Еще слово – и, вероятно, я расплакался бы.

– Ну, как хотите, – поспешил ответить Бортов и апатично, холодно спросил:

– Может быть, домой пойдем?

– Пойдем, – обрадовался я.

Клотильда увидела, как мы встали, сделала было удивленное лицо, но, встретив мой мертвый взгляд, равнодушно скользнула мимо и улыбнулась кому-то вдали.

Я торопливо пробрался к выходу и жадно вдохнул в себя свежий воздух ночи.

Прекрасная и бесконечно пустая ночь. Луна, яркая, как брошенный слиток расплавленного серебра, плавит синеву неба и тонет глубже в ней, а фосфор моря красит зеленым отливом лунный блеск, и в фантастичных переливах этих тонов чем-то волшебным, волшебным и живым кажется все: берег с ушедшими вверх деревьями, пристань, ее темно-прозрачная тень, серебряная зелень просвета между морем и верхом пристани; там дальше – даль моря с полосой серебра – след луны, – и, как видение в ней, в этой полосе, точно прозрачные, точно ажурные корабли с высокими бортами и мачтами, уходящими в небо.

И тихо кругом, и только прибой, этот вечный разговор моря с землей, будит тишину, и гулко несется его шум в спящие улицы с неподвижными домиками в два этажа, с их галереями и балконами, решетчатыми окнами, черепичными высокими крышами, каменными дворами, или, верней, комнатой без потолка там, внутри этих домов.

Говорят, болгарки красивы, но я ни одной не видел. Что мне до их красоты? Красива Клотильда, красива, как эта ночь, и так же, как ночь, обманчива, так же, как ночь, черна ее жизнь, ее дела… И такая же сосущая пустота, тоска от нее, как от этой ночи. Волшебно, красиво, но нет живой души, и мертво все, – нет у Клотильды души чистой, чарующей, и нет Клотильды – той божественной, которая во мне, в моей душе, как видение, как та прозрачная дымка тумана там в небе, – то Клотильда склонилась и смотрит печально на красоту моря и земли. То моя Клотильда смотрит, – не та, которая там в кабаке теперь ходит и продает себя тому, кто даст дороже.

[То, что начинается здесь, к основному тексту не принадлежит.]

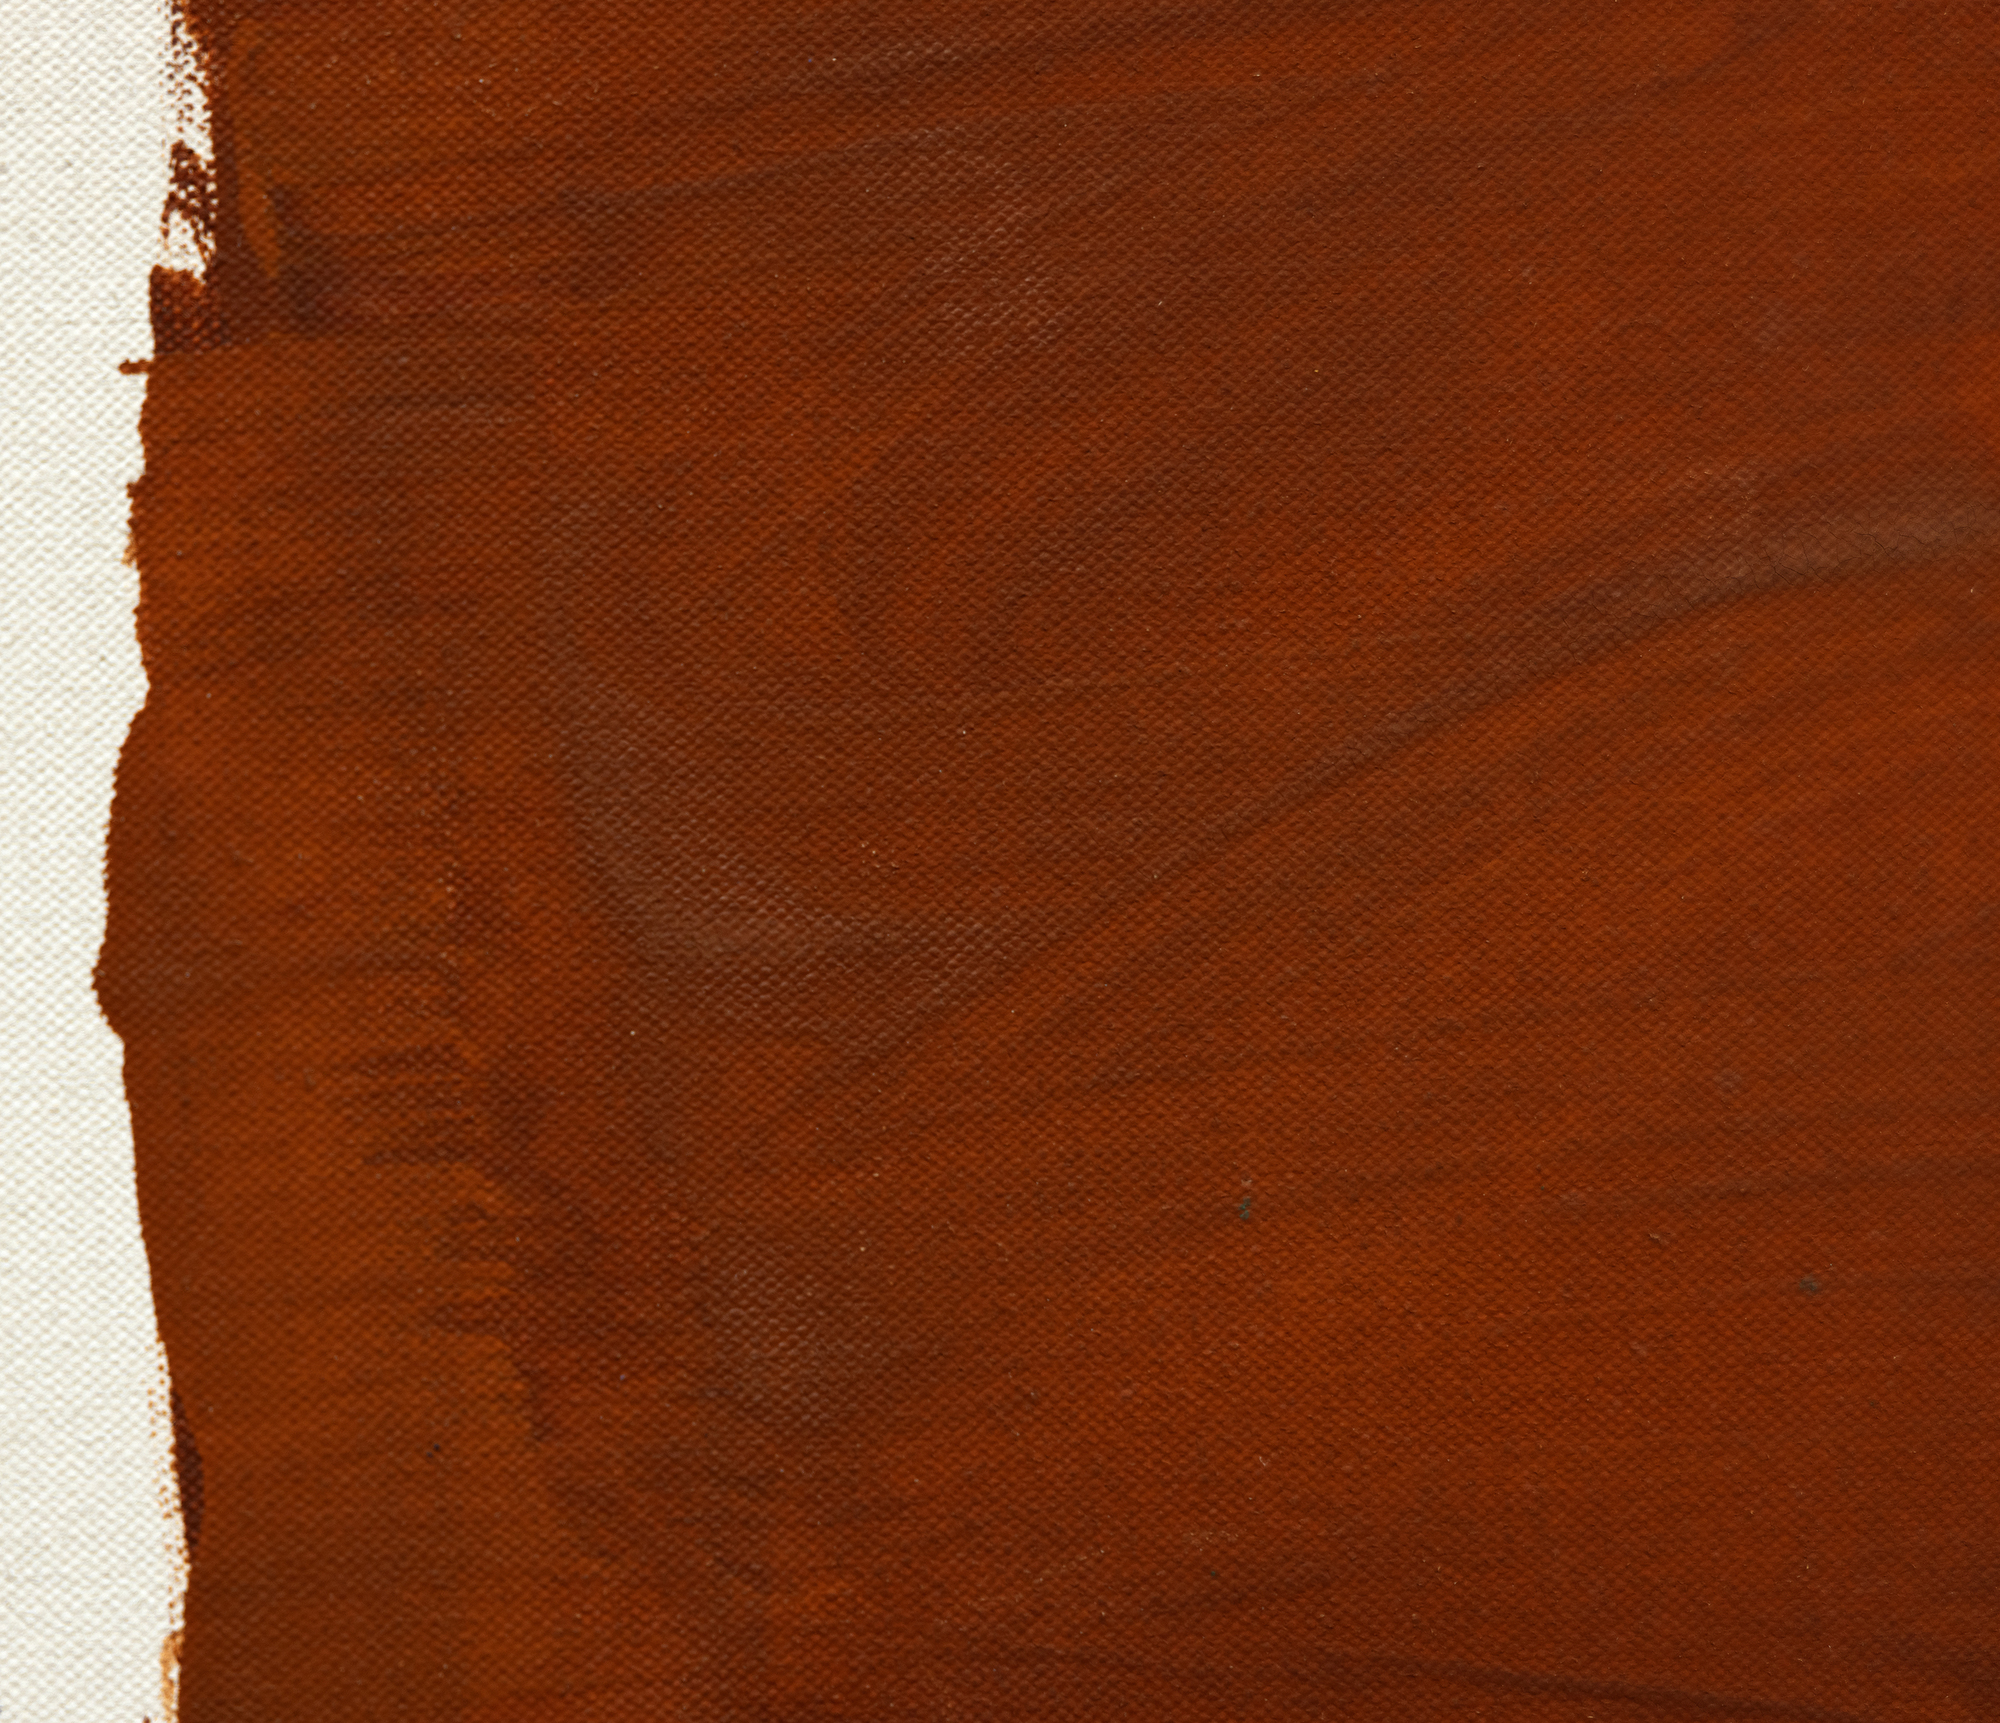 من أواخر خمسينيات القرن العشرين حتى منتصف ستينيات القرن العشرين ، مساهمات راي باركر في وقت مبكر للوحة حقل اللون تبرز بشكل ملحوظ لجودتها نابضة بالحياة وجديدة. رتب باركر كتلتين أو أكثر من كتل الألوان القوية ذات الحواف الخشنة باستخدام تقنية قوية وفرشاة على لوحات كبيرة معدة بجيسو. تظهر هذه الكتل ، المقدمة بألوان مشبعة ولكنها نابضة بالحياة بمهارة ، طاقة مميزة. في حين أن مؤلفات باركر قد تذكر أحد روثكو ، فإن كيفية توصيل اللون - بقوة وقوة - تميزهما. مع الحفاظ على النطاق الكبير والديناميكية لمدرسة نيويورك ، يتباعد عمل باركر من خلال التخلي عن الكثافة العاطفية المرتبطة غالبا بالتعبيرية التجريدية ويحتضن رؤية للحركة خالية من رثائها النموذجي.

А!.. Но как ужасно сознавать свое бессилие, сознавать, что ничего, ничего нельзя здесь сделать, и чувство это, которое во мне, – оно уже есть, зачем обманывать себя, – это, что-то живое уже теперь, рождено только для того, чтобы умереть там, в тюрьме моего сердца, умереть и не увидеть света, и я сам, как палач, должен задушить это нежное, прекрасное, живое – и это неизбежно надо, надо, надо… И после этого я стану лучше, чем был; стану мягким, добрым… Странное противоречие. Но о чем тут думать? Разве я могу к моей матери, сестрам, их подругам, нарядным, веселым, привезти Клотильду и сказать: «Вот вам моя жена». Конечно, нет. Но я привезу. Не ту, которая там, в кабаке; она там и останется и никогда не узнает, что зажгла она во мне, – я привезу Клотильду, какой она могла бы быть, в образе того прозрачного тумана в том небе. И будет она вечным спутником моим в жизни, как Беатриче у Данте. Она будет звать меня, и я буду слышать ее голос и буду вечно с ней – высшим счастьем и высшим страданием моей жизни.

Может быть, когда-нибудь я буду сам смеяться над этим всем, но теперь я хочу плакать.

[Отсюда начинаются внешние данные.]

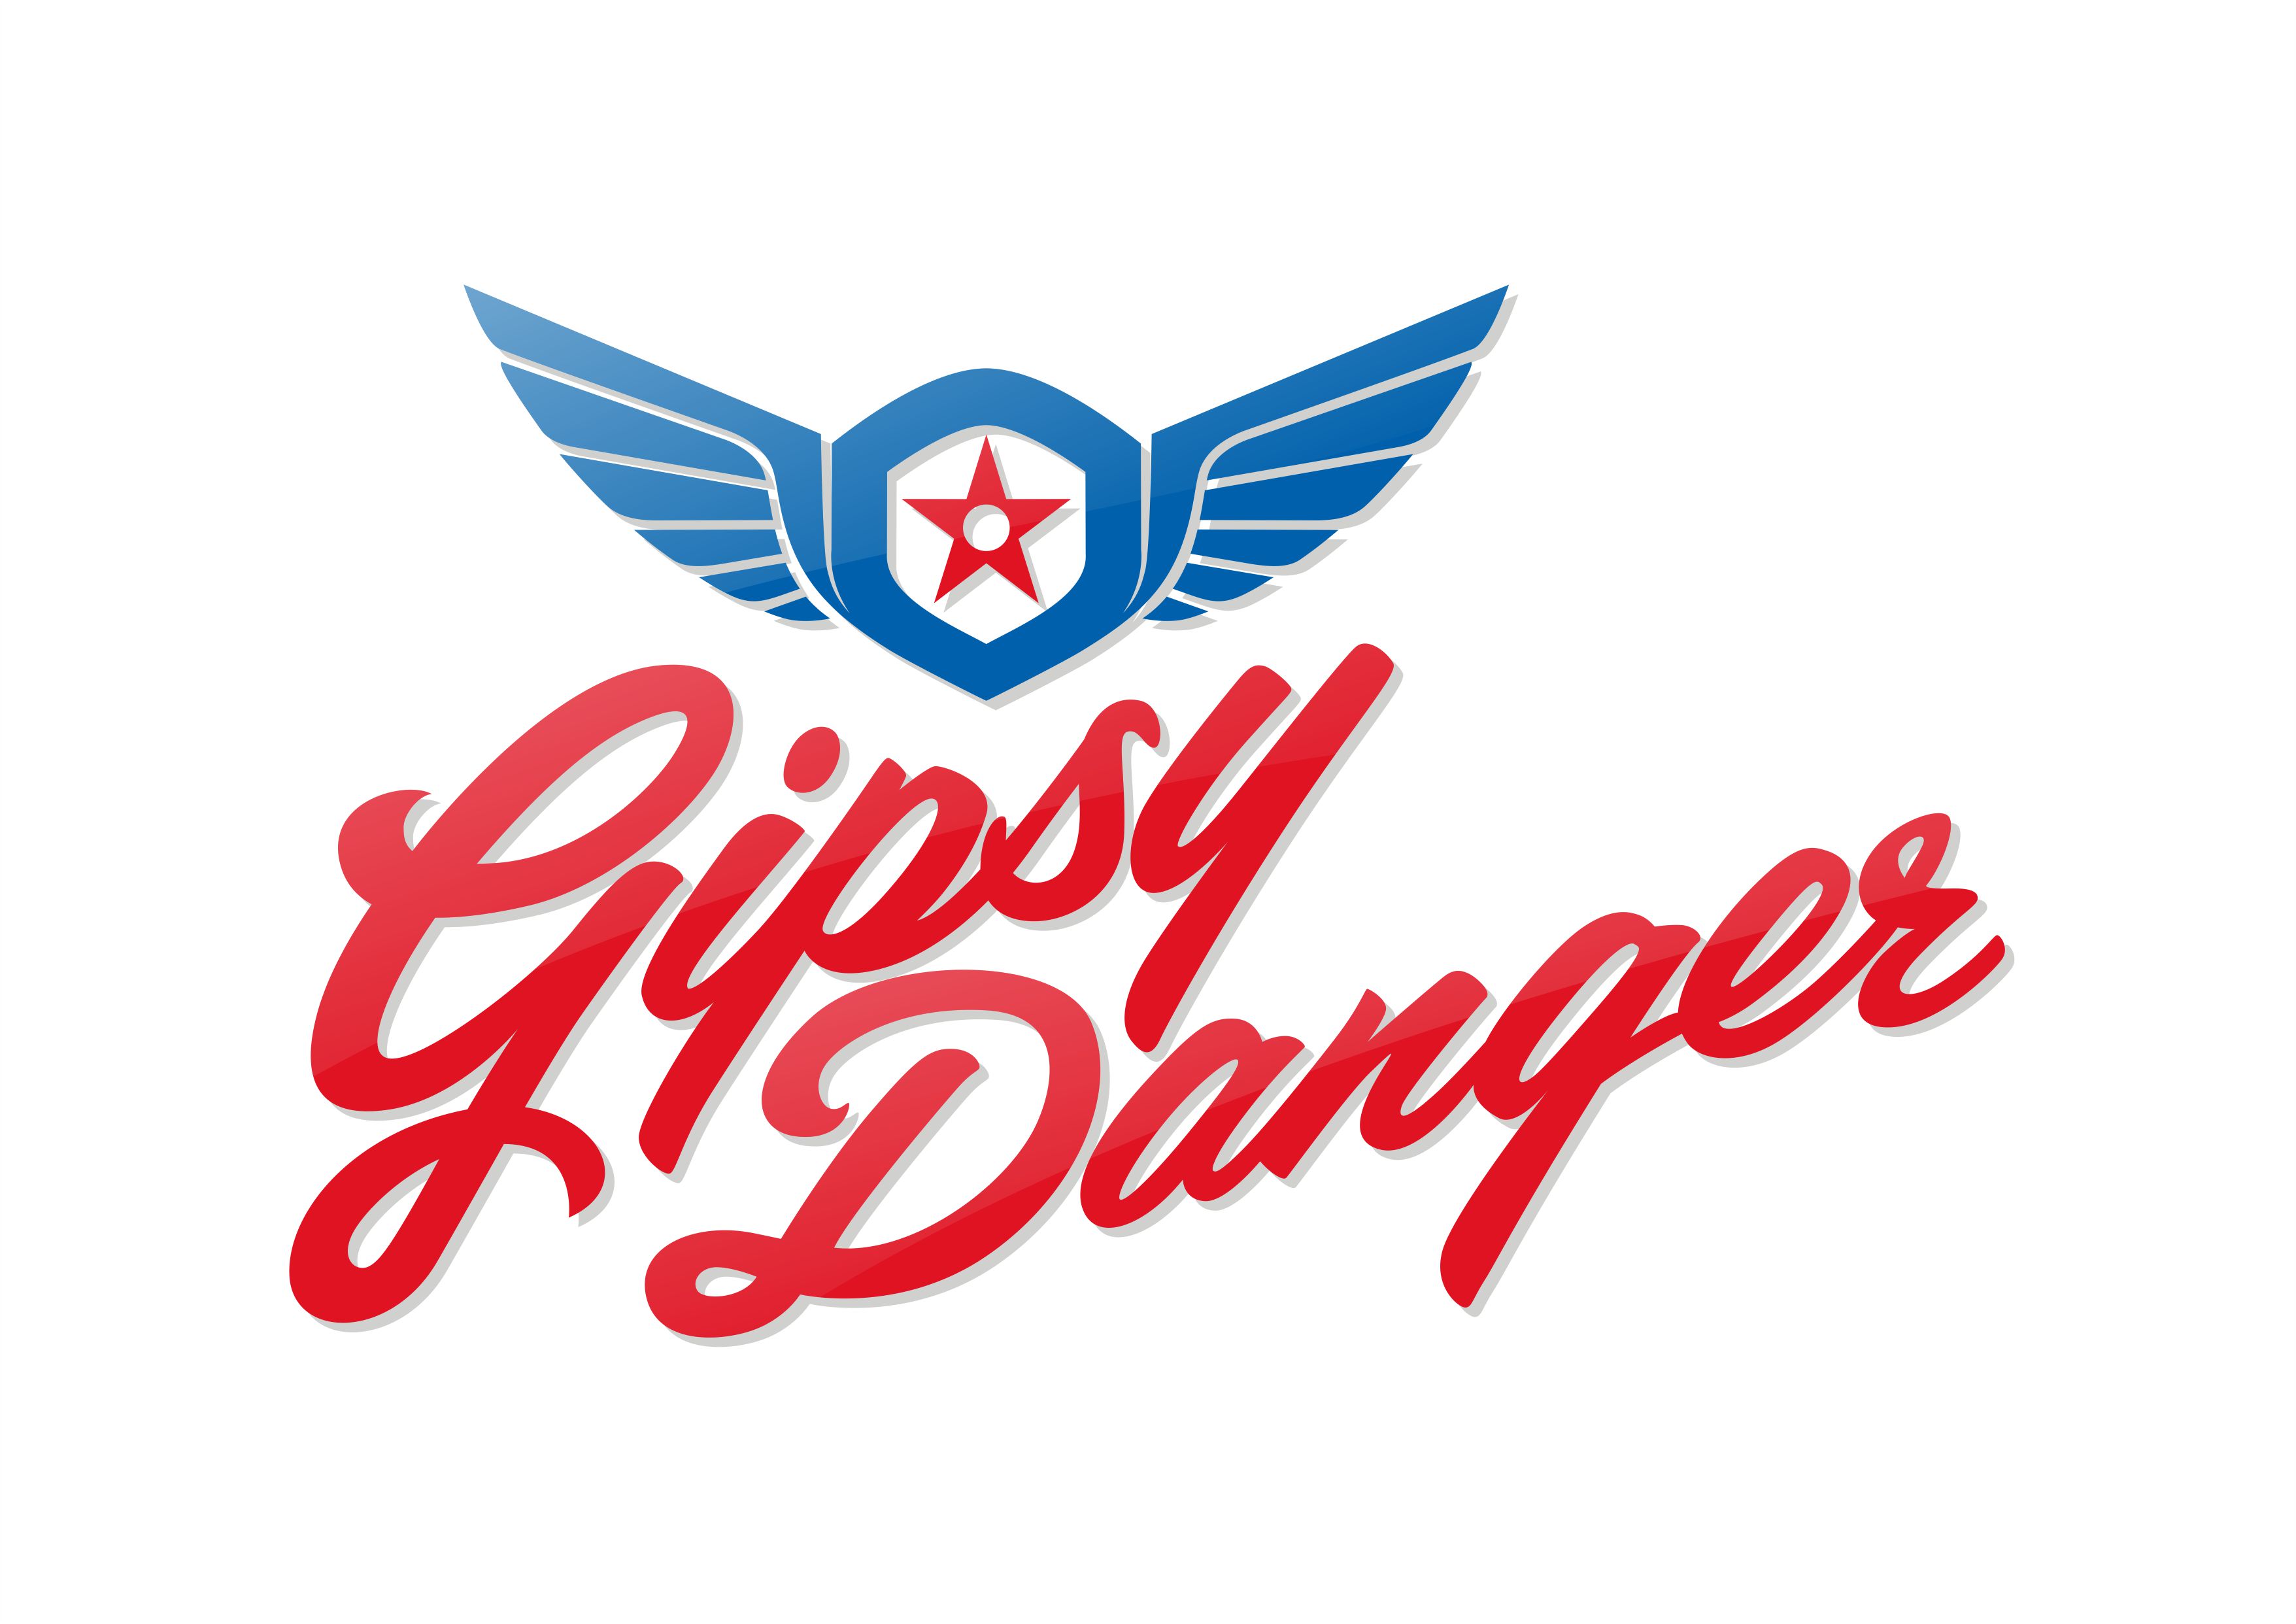 Gypsy Danger By Dandoorlando

Мы подошли к квартире, и в ожидании, пока отопрут, Бортов сказал апатичным голосом:

– Я послезавтра устрою охоту. Я закачусь на несколько дней. Вам придется на это время сюда переехать.

– Перееду, – ответил я.

– Вы любите охоту?

– Никогда не охотился.

– Хорошо… Несколько ночей на свежем воздухе, спать прямо на земле.

– Можно простудиться.

– Война кончилась.

– Разве для войны живут?

– Мы-то? – переспросил Бортов. – Кто-то где-то сказал про нас: во время войны они страшны врагам, а во время мира – для всех несносны.

III

Бортов уехал на охоту, а я живу в Бургасе, в его квартире, распоряжаюсь работами, днем езжу в свою бухту, и, завидя меня, Никита радостно бежит и каждый раз спрашивает: «Совсем ли?»

И каждый раз я отвечаю:

– Нет еще.

Я задумчив, сосредоточен, работаю много, охотно, но работа не все. Есть еще что-то, что остается неудовлетворенным, ноет там где-то внутри и сосет.

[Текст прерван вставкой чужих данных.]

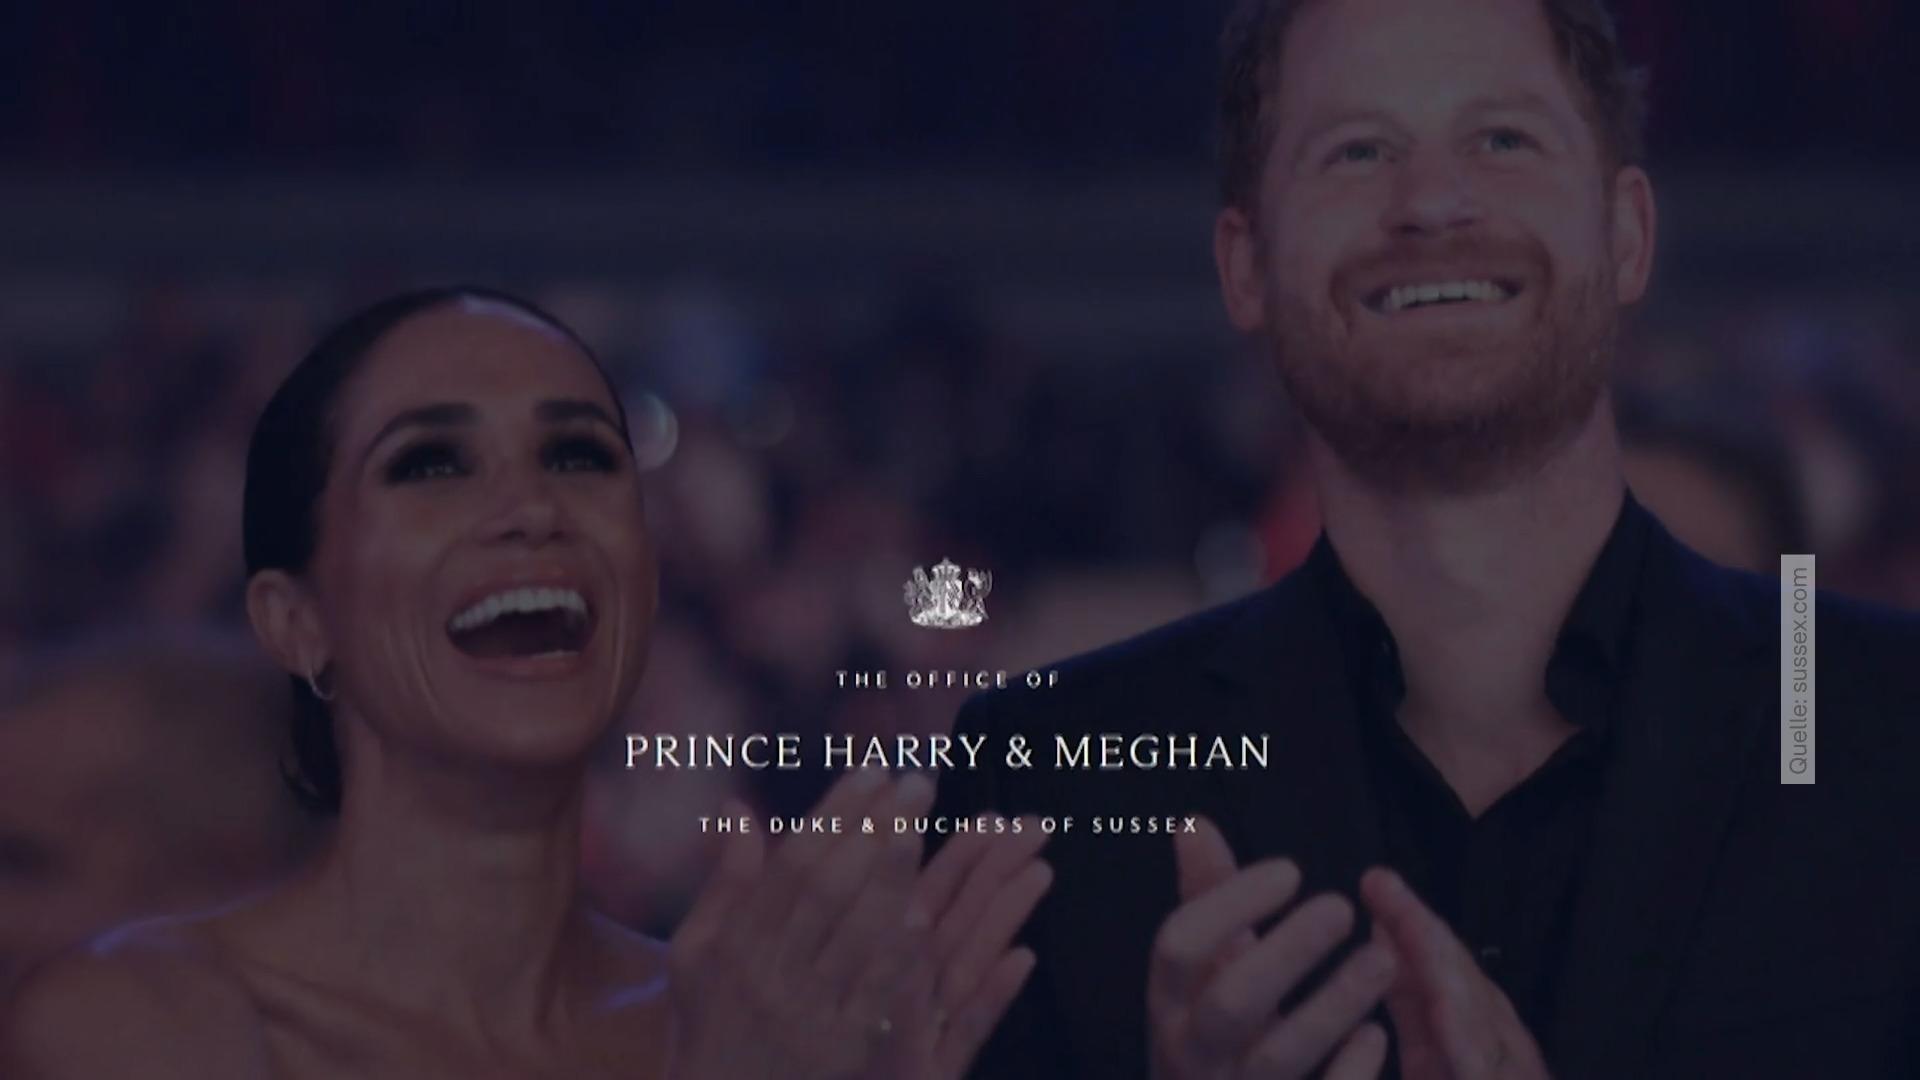 Książę Harry i księżna Meghan promują się, gdy znana jest diagnoza raka króla Karola

Вечера я провожу в квартире Бортова и читаю его книги. Он предложил мне их перед своим отъездом таким же безразличным, скучающим голосом, каким предложил мне почетное для меня место своего помощника. Я уловил эту манеру его: чем серьезнее услуга, которую он оказывает, тем пренебрежительнее он относится к ней.

В данном случае услуга громадная: предо мною серьезная литература. К стыду моему, я мало, или, вернее, совсем незнаком с ней.

Я откровенно признался в этом Бортову и благодарил его от всей души. Он многое говорил тогда мне. Я только слушал его, кивая головой, но смысл понял только много, много позже.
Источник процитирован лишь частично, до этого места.